▸ Problem to work on:
Print exactly the line that contains "Omron S82k-05024 Power Supply 1", then every following line through the end of the material; include nothing else and no pictures.

▸ Recorded data:
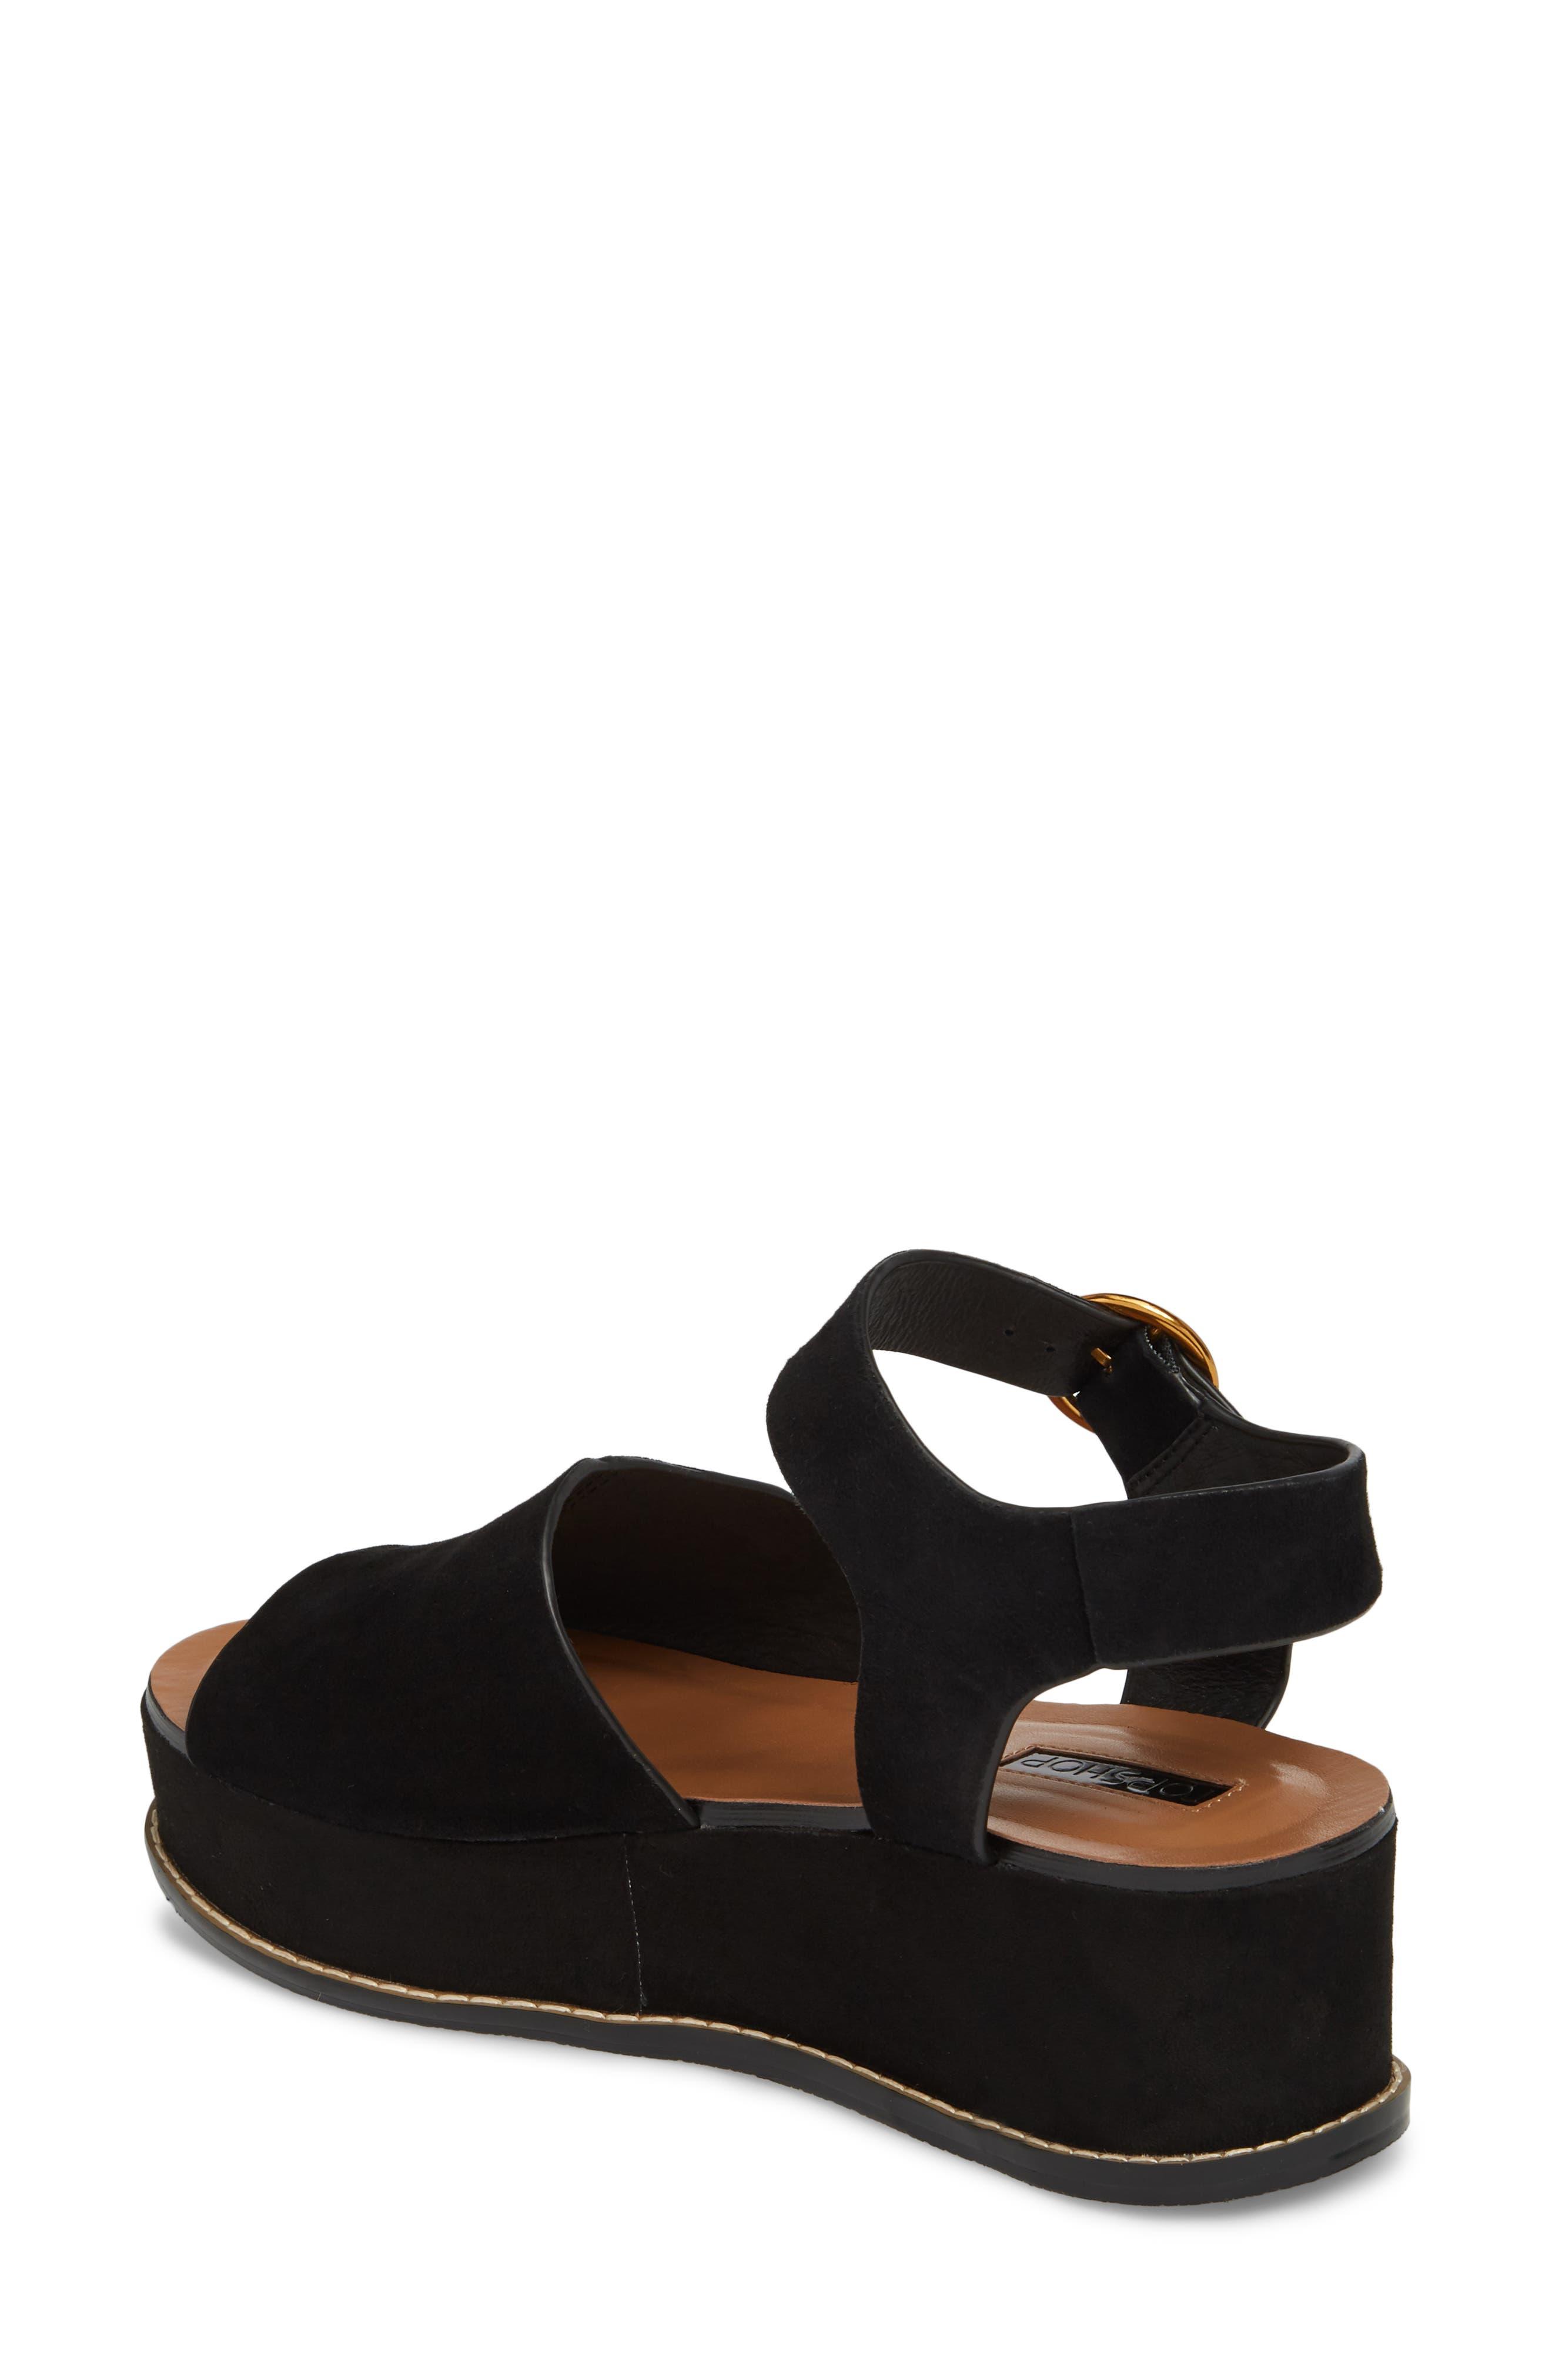 Wow Platform Wedge Sandal,                             Alternate thumbnail 2, color,                             001
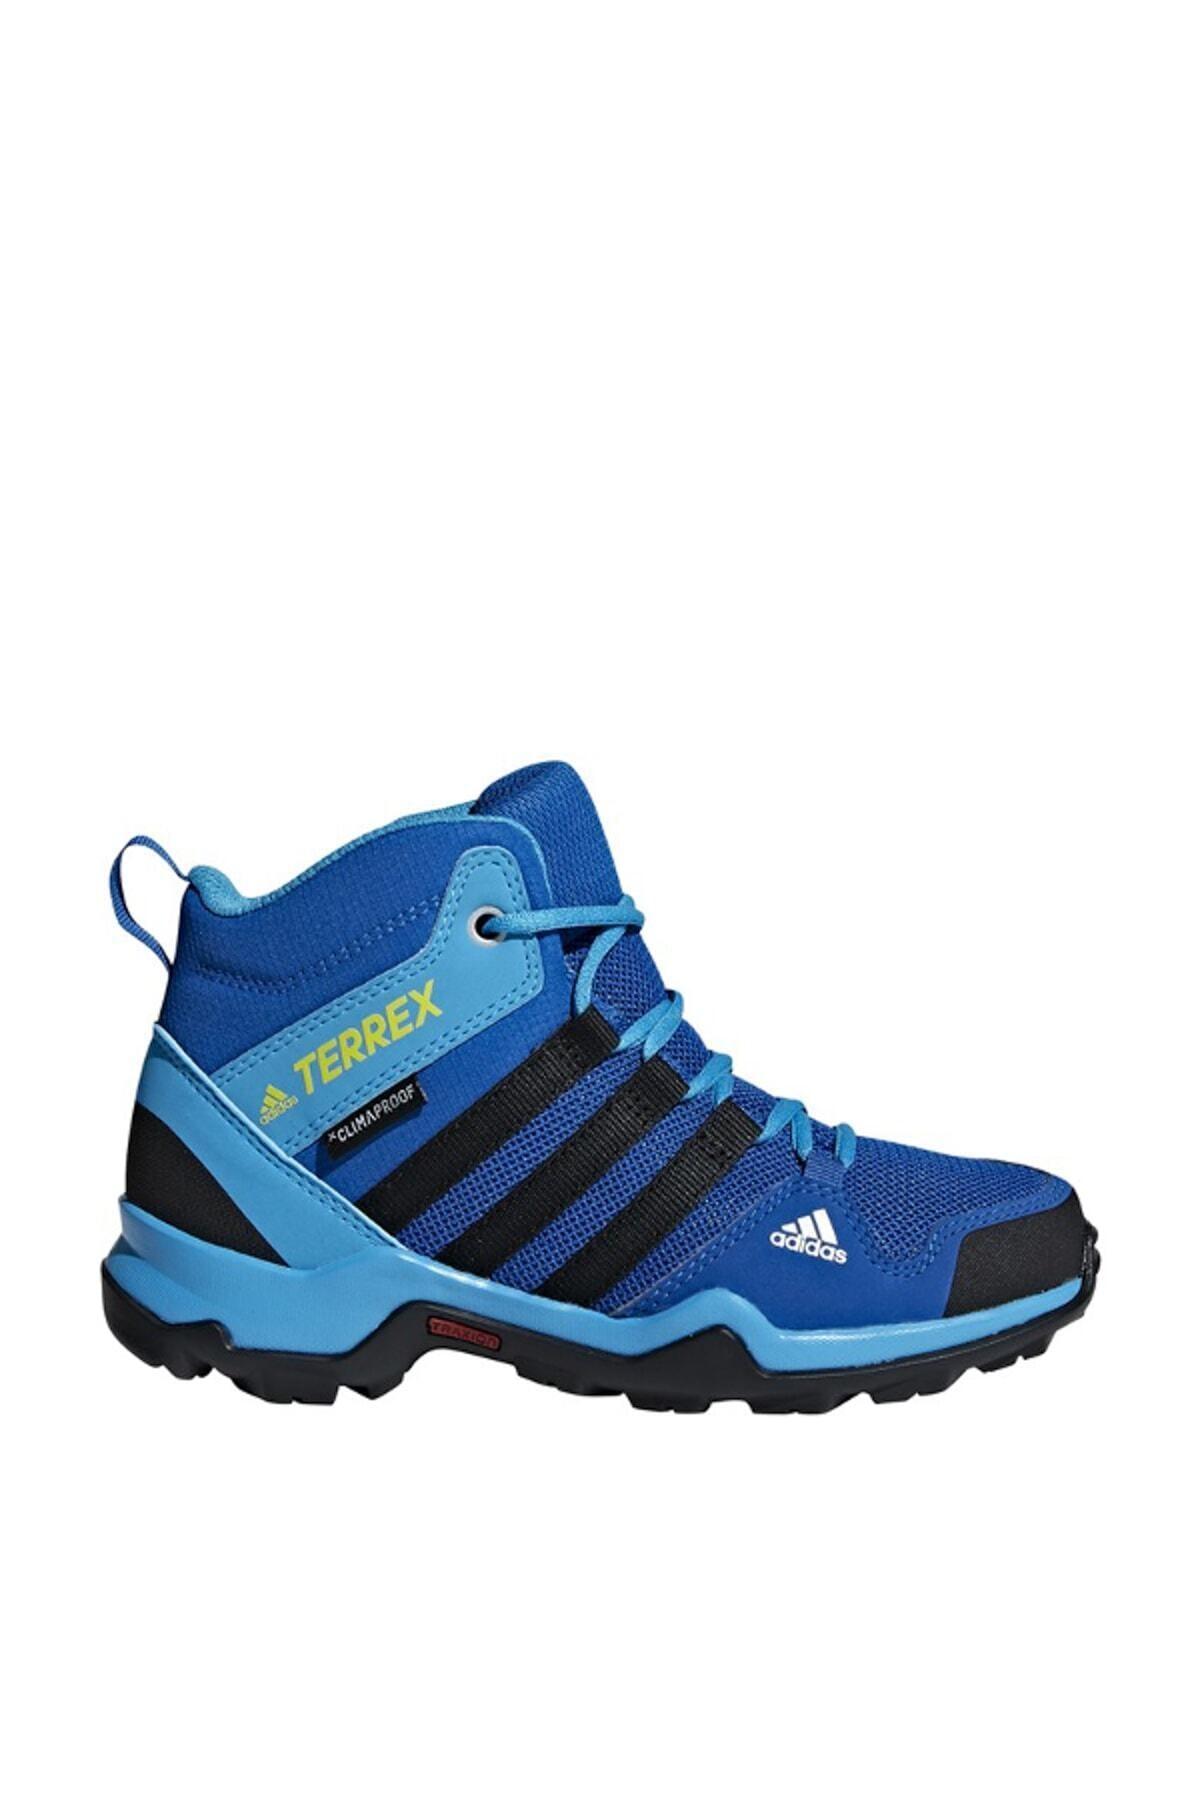 adidas Çocuk Outdoor Ayakkabı Terrex Ax2r Mid Cp K 1
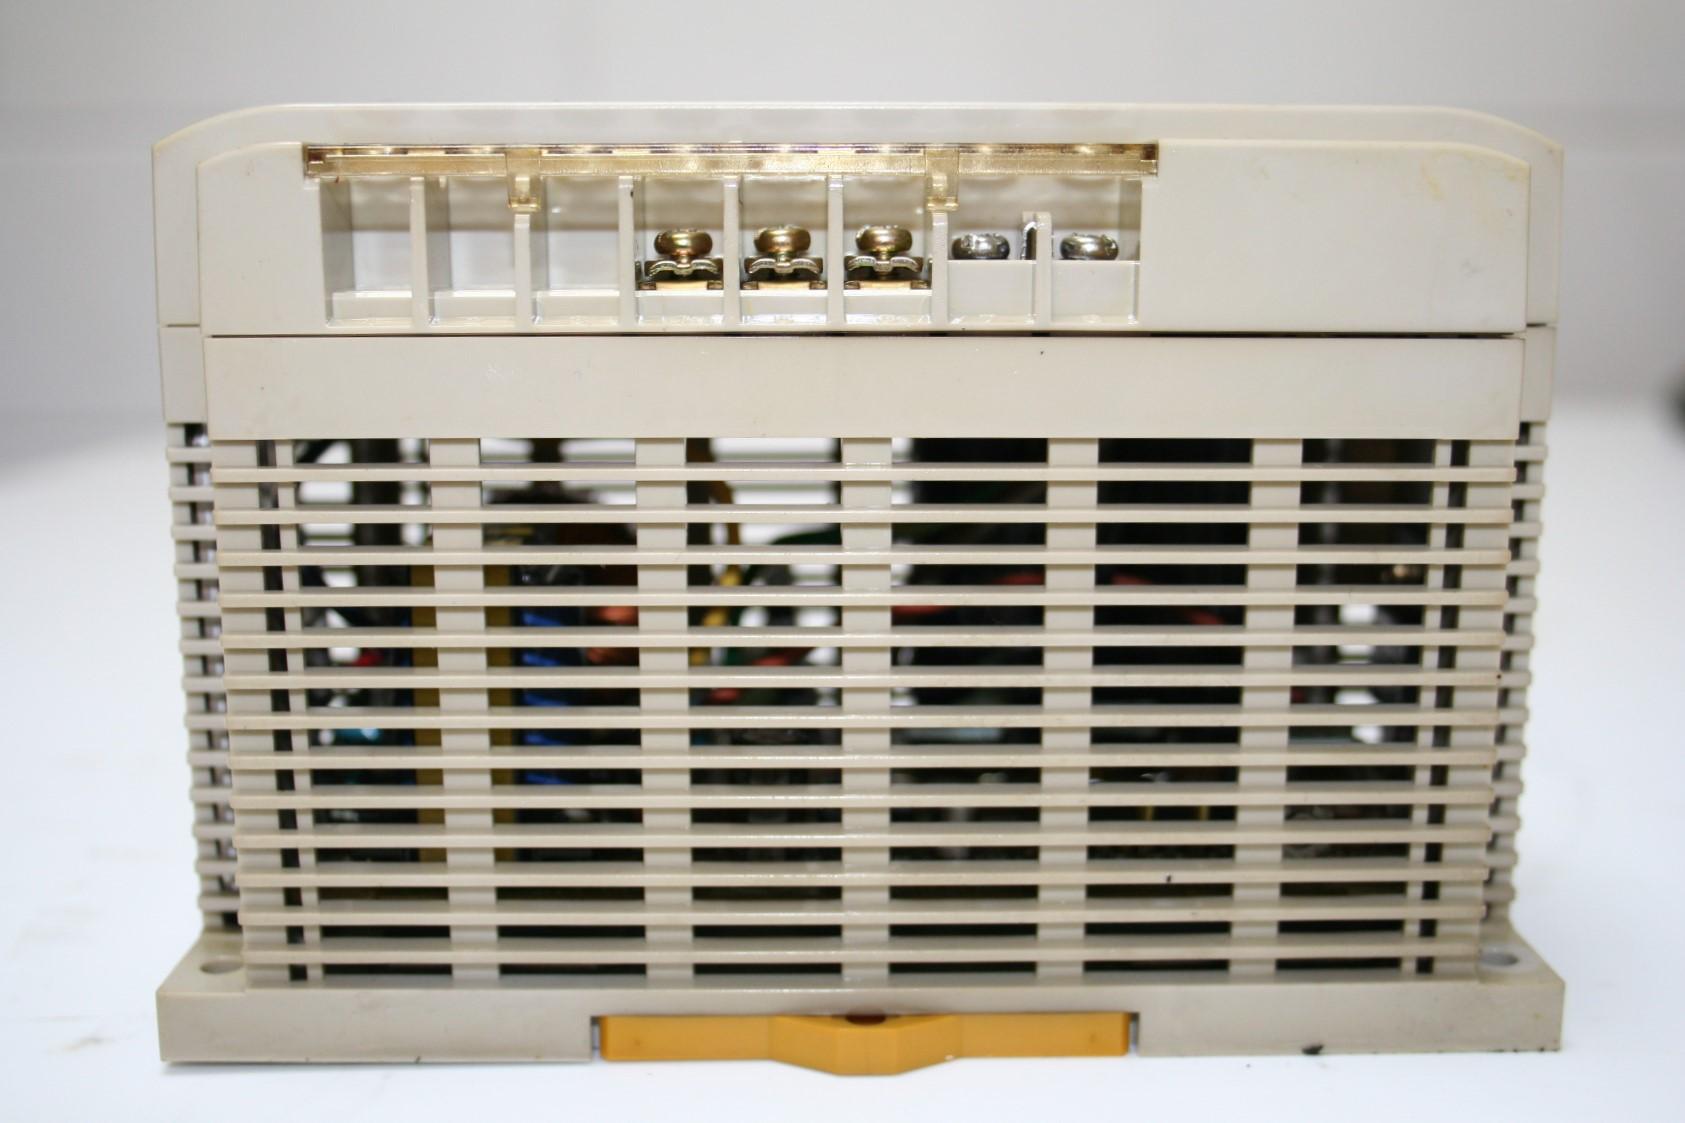 Omron S82k-05024 Power Supply 1
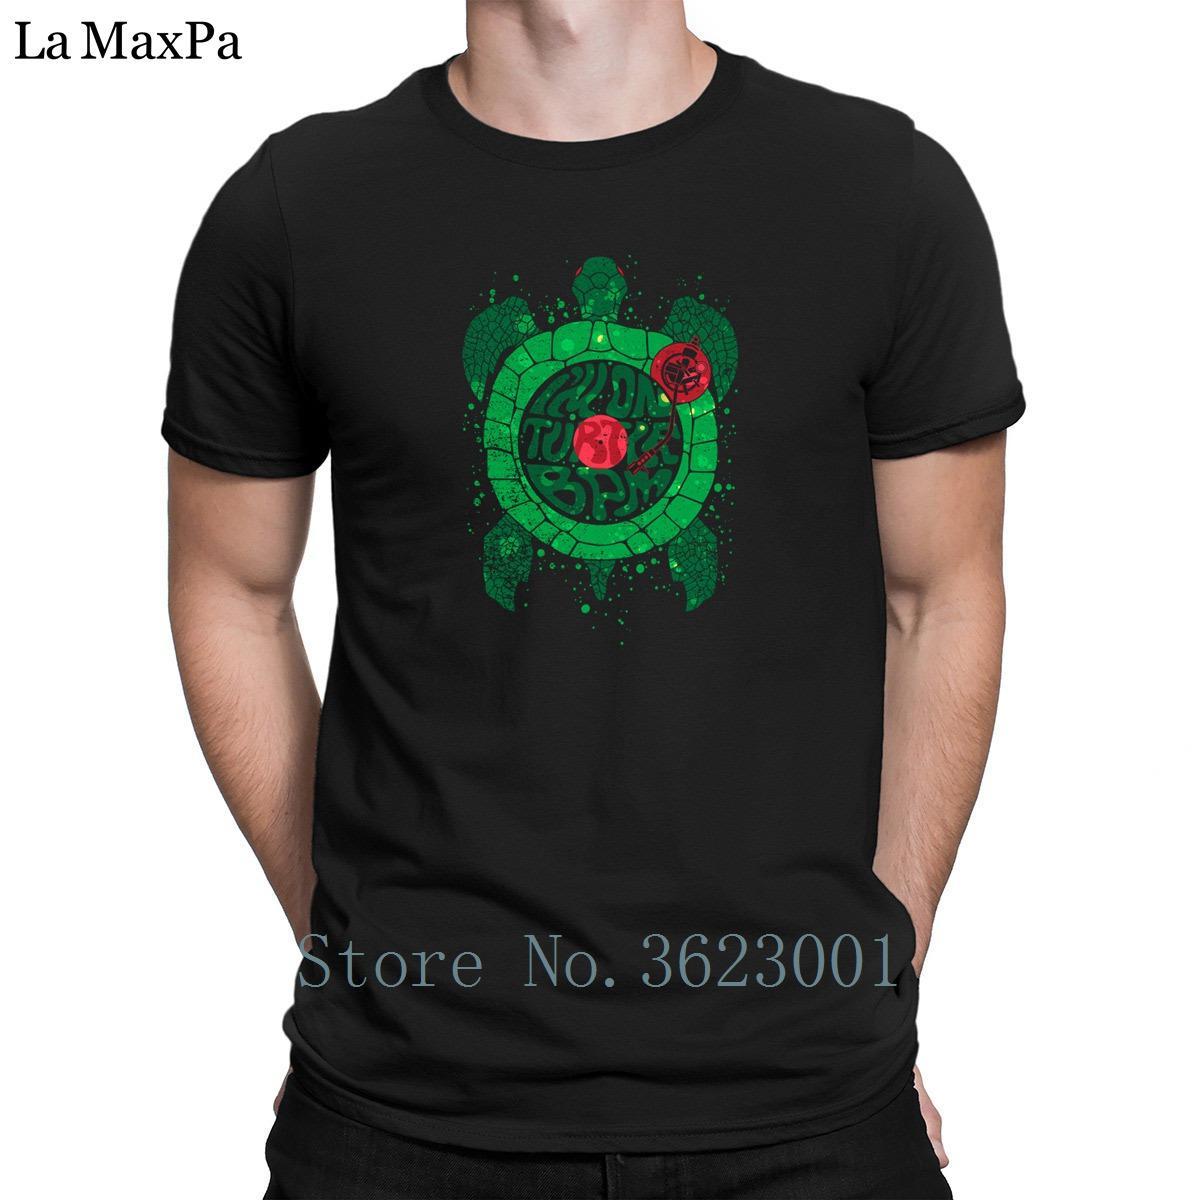 Creature S-3xl T-Shirt On Turtle Bpm Men's T Shirt Fun Spring Autumn Tee  Shirt Man Hiphop Top Tee Shirt Man Pictures Building

▸ Result:
 Omron S82k-05024 Power Supply 1
 Creature S-3xl T-Shirt On Turtle Bpm Men's T Shirt Fun Spring Autumn Tee  Shirt Man Hiphop Top Tee Shirt Man Pictures Building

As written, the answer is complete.